Father and son arguments are a part of the sport just like washing air filters—and they are about as much fun. Dad spends a ridiculous amount of time, money and energy getting little Johnny to the races and he wants to see some effort and appreciation for his investments. Little Johnny is a kid, which, by default, makes him an asshole. He’s got girls on the brain, hormones raging out of control and that annoying attitude that most teenagers have where they think they know everything. What could go wrong? My dad and I had our struggles like everybody else. He was busting his butt working on my bikes and I wanted to go to my girlfriend’s house to hopefully see her boobies. We got into a fight over it and I ended up going to Mammoth that year with one of my friends. Obviously it was difficult not having my dad there but I did better that weekend then I had ever done at a big race and it was because I was relaxed; I didn’t have him breathing down my neck about results. When I got back we talked it out and I explained that he was putting pressure on me, whether he knew it or not, and it was hurting my results. He promised to chill out and I promised to help get my bikes prepped and ready before I went boobie hunting again. Sometimes it just takes some honesty and a real conversation to get through some of those issues. Unfortunately, as men we aren’t very well-equipped to do that. It’s easier to throw a socket set at the wall, yell profanity and then storm off in a huff. I’m glad you and your boy are getting along now—that relationship is more important than racing dirt bikes by a long shot.

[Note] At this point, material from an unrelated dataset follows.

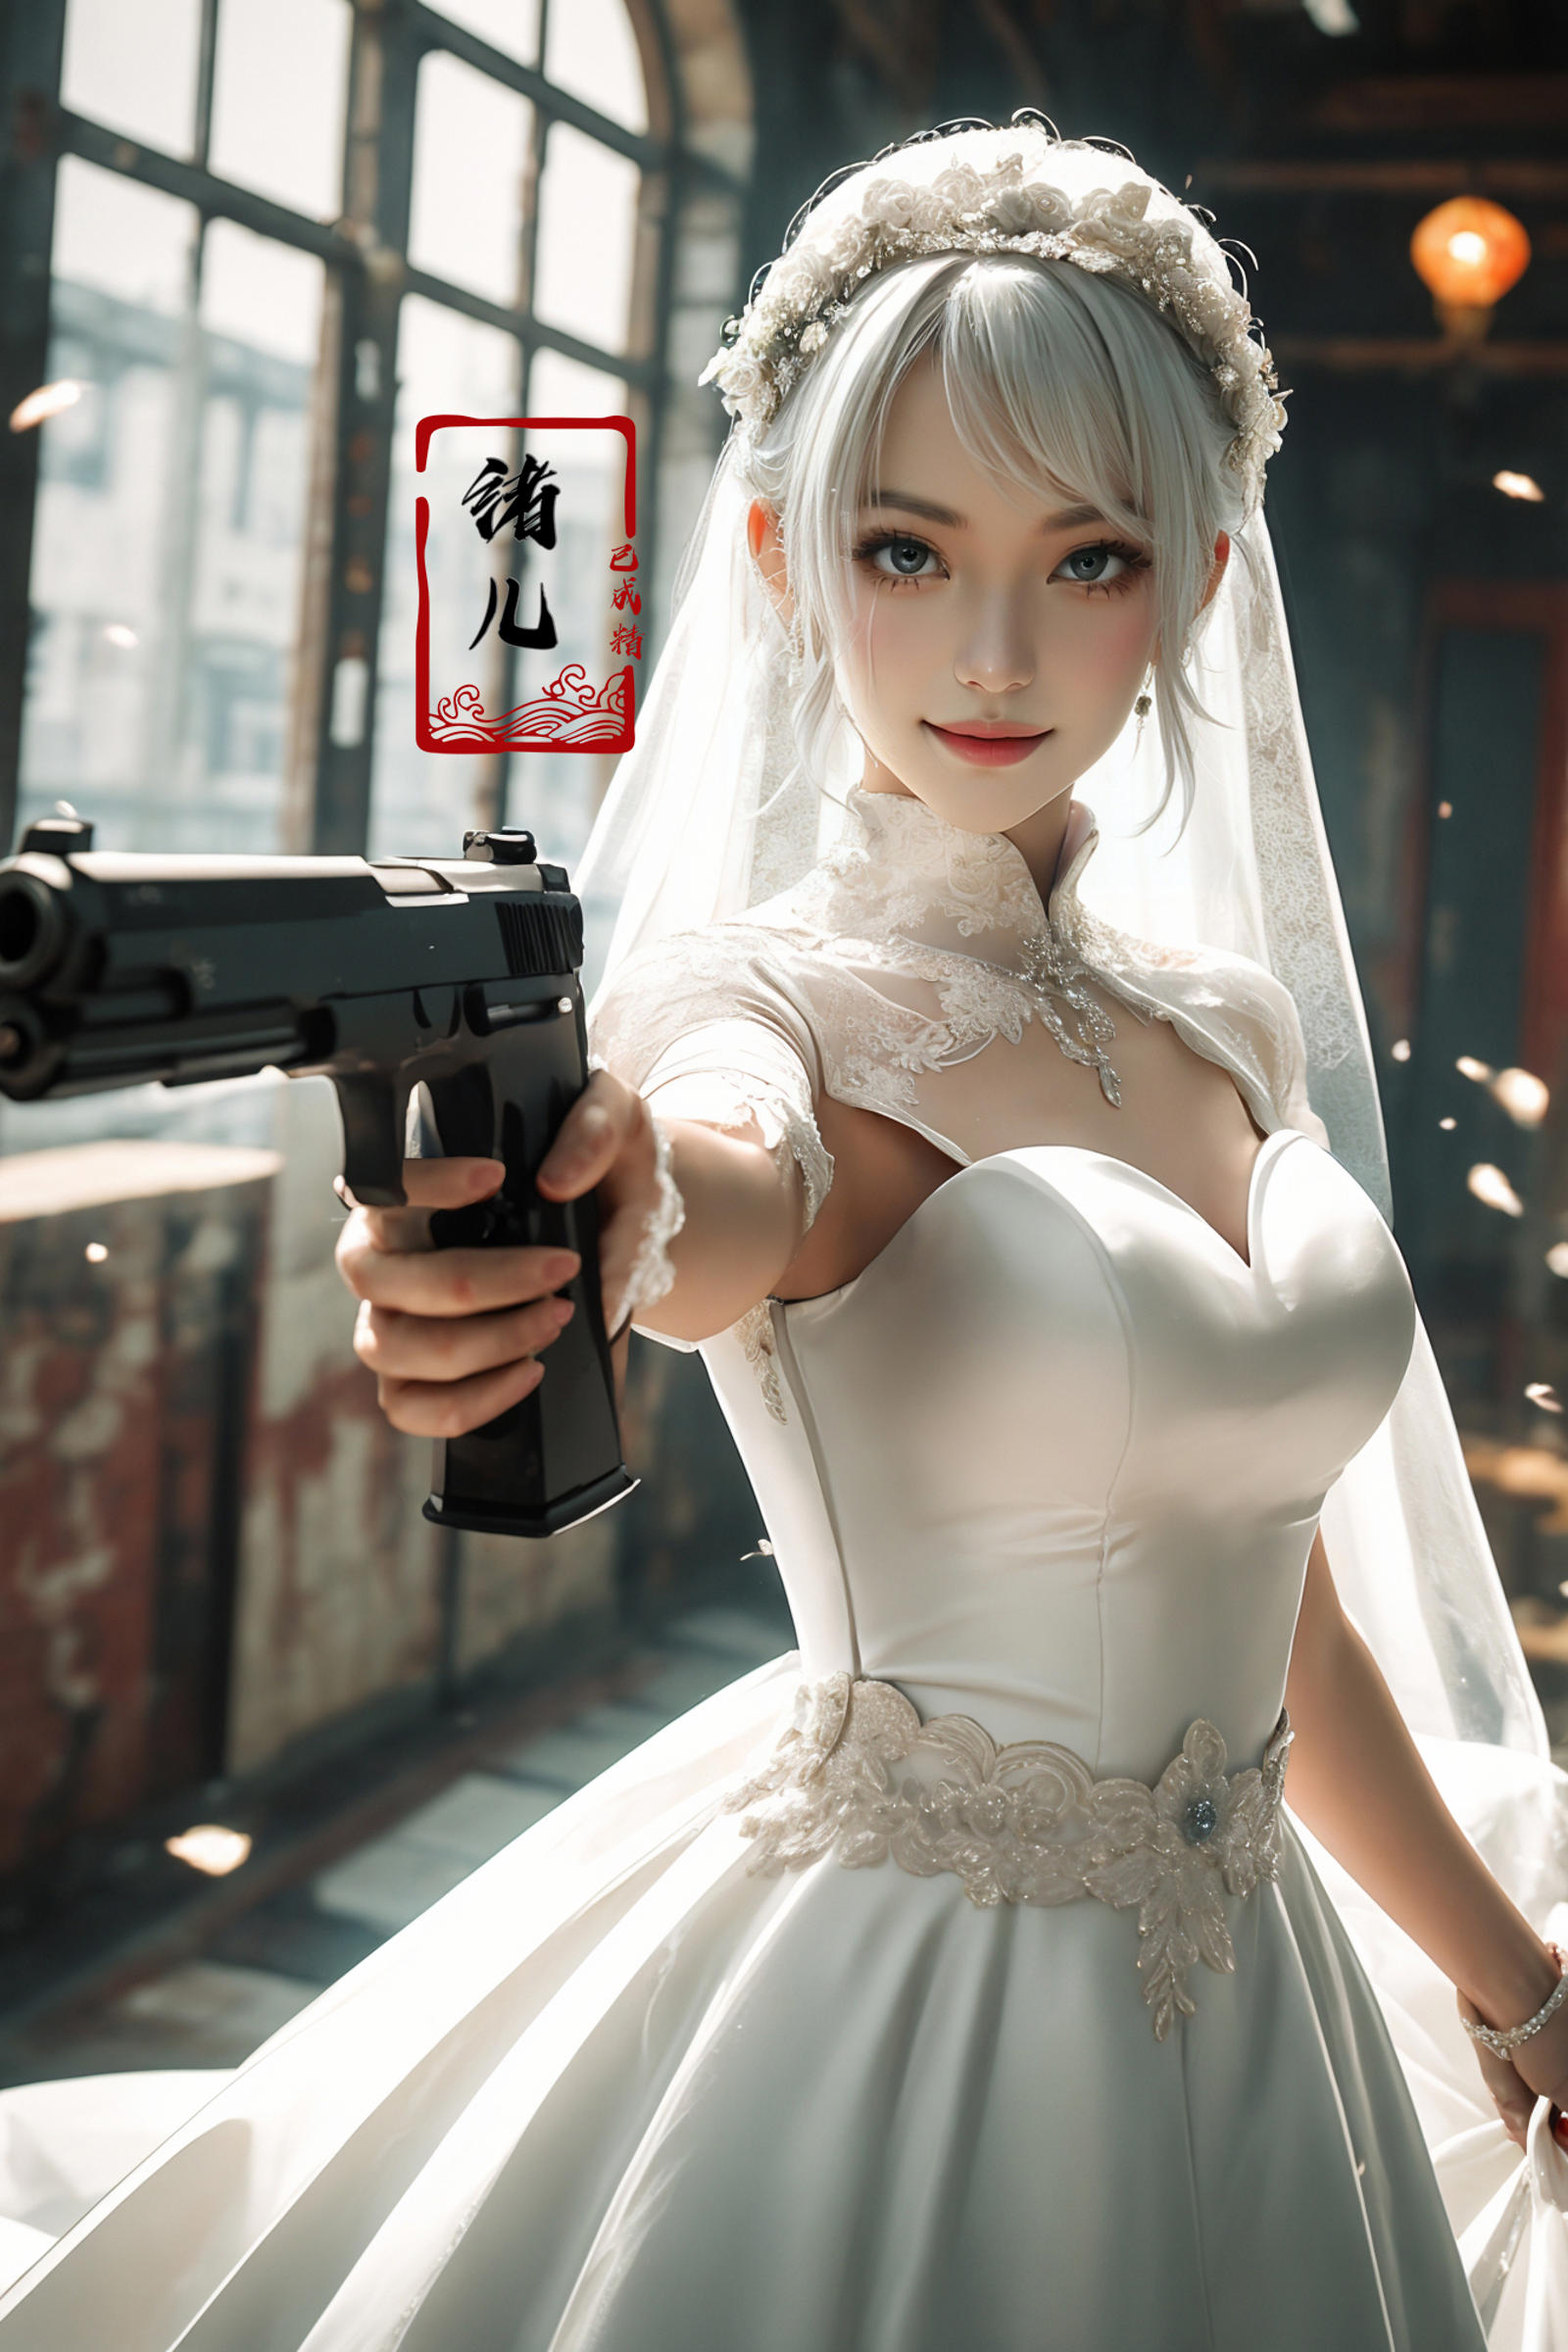 A cartoon image of a bride holding a gun.

Hey man I just wanted to get your opinion on the announcing talent at the races these days. I have been going to supercross races for a long, long time and while the sport has made huge leaps and bounds in certain areas I feel like we are lacking a Larry Huffman-type of personality on the floor or in the booth. What say you?
It’s quite rare to find the perfect mix of professionalism and entertainment when it comes to broadcasting. The tough part is that no two people want the same thing; one guy likes his broadcast staff serious and only providing facts and calling action. Others want some personality, charisma and a peek behind the scenes of professional racing. This just proves what we’ve known all along… people are the worst.
I think the current announcing teams do a good job and I certainly don’t want to insult them in any way, but I do wish we could find another “Motormouth” who was equal parts motocross fan, entertainer and master of ceremonies. His catchphrases and sayings are legendary and they made watching the race more exciting. I’m not sure if the same can be said about an announcer in any sport at the moment. If I could get any person in the booth I wanted it would be Ricky Johnson. RJ has a sense of humor, a big personality and he’s one of the best riders the sport has ever seen. I’m sure he’s having too much fun driving trucks, though.